En 1945, le droit international a conforté le principe de respect de l’intégrité territoriale des États. La Charte de San Francisco, par son article 2, impose le règlement pacifique des différends :
« Les Membres de l’Organisation s’abstiennent, dans leurs relations internationales, de recourir à la menace ou à l’emploi de la force, soit contre l’intégrité territoriale ou l’indépendance politique de tout État, soit de toute autre manière incompatible avec les buts des Nations Unies ».
Ceci rend illégale toute guerre de conquête. En outre, celle-ci est moralement indéfendable après les horreurs de la Seconde Guerre mondiale. Un peu plus tard, s’ajouta le processus de décolonisation. Pour autant, bien que raréfiée, l’appropriation du territoire d’autrui n’est pas toujours absente des motivations et peut se parer des meilleures intentions du monde. Nous la discernons, même si elle n’est pas seule, derrière les litiges frontaliers évoqués plus haut.

À la fin de la Seconde Guerre mondiale, Staline pratiqua une politique territoriale des faits accomplis qui bénéficia à l’URSS sans que la communauté internationale ne pût ou ne voulût s’y opposer. Maître du terrain, il obtint un accord de principe à Yalta pour la modification des frontières polonaises :
« Les chefs des trois gouvernements estiment que la frontière orientale de la Pologne à l’Est devra suivre la ligne Curzon, avec des déviations au profit de la Pologne sur une profondeur de cinq à huit kilomètres en certains endroits. Ils reconnaissent que la Pologne devra obtenir des accroissements sensibles de territoires au nord et à l’ouest [1] »

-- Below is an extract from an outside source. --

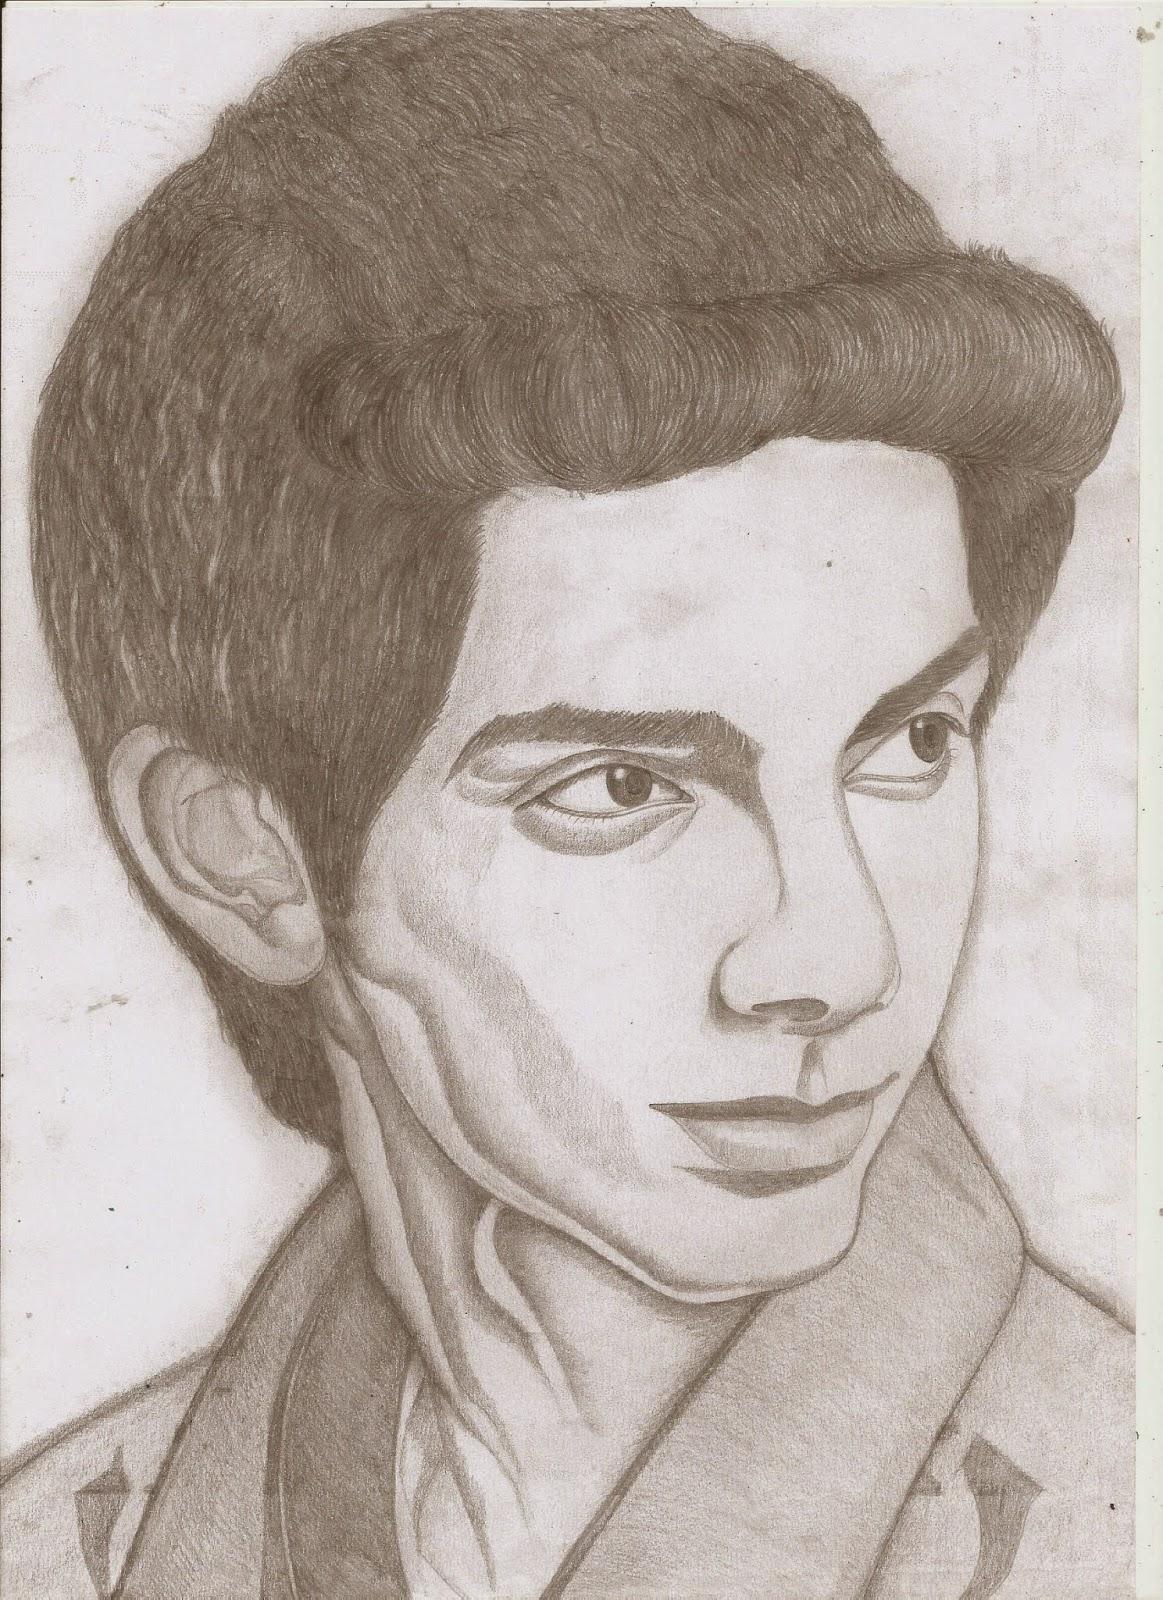 Jackhi pencil drawing anirudh pencil sketch jackhi pencil

En conséquence de quoi, les frontières polonaises furent décalées vers l’ouest. L’URSS annexa 180 000 km2 aux Républiques de Biélorussie et d’Ukraine, tandis que Varsovie en reçut 100 000 : au nord, la moitié de la Prusse orientale (Warmie, Mazurie) et, au sud, la Poméranie et la Silésie. La nouvelle frontière de la Pologne avec l’Allemagne suivait désormais le cours des rivières Oder et Neisse occidentale. La Pologne à nouveau reconstituée perdit 80 000 km2, mais elle dispose depuis de 400 kilomètres de côtes sur la mer Baltique, ce qui la désenclave.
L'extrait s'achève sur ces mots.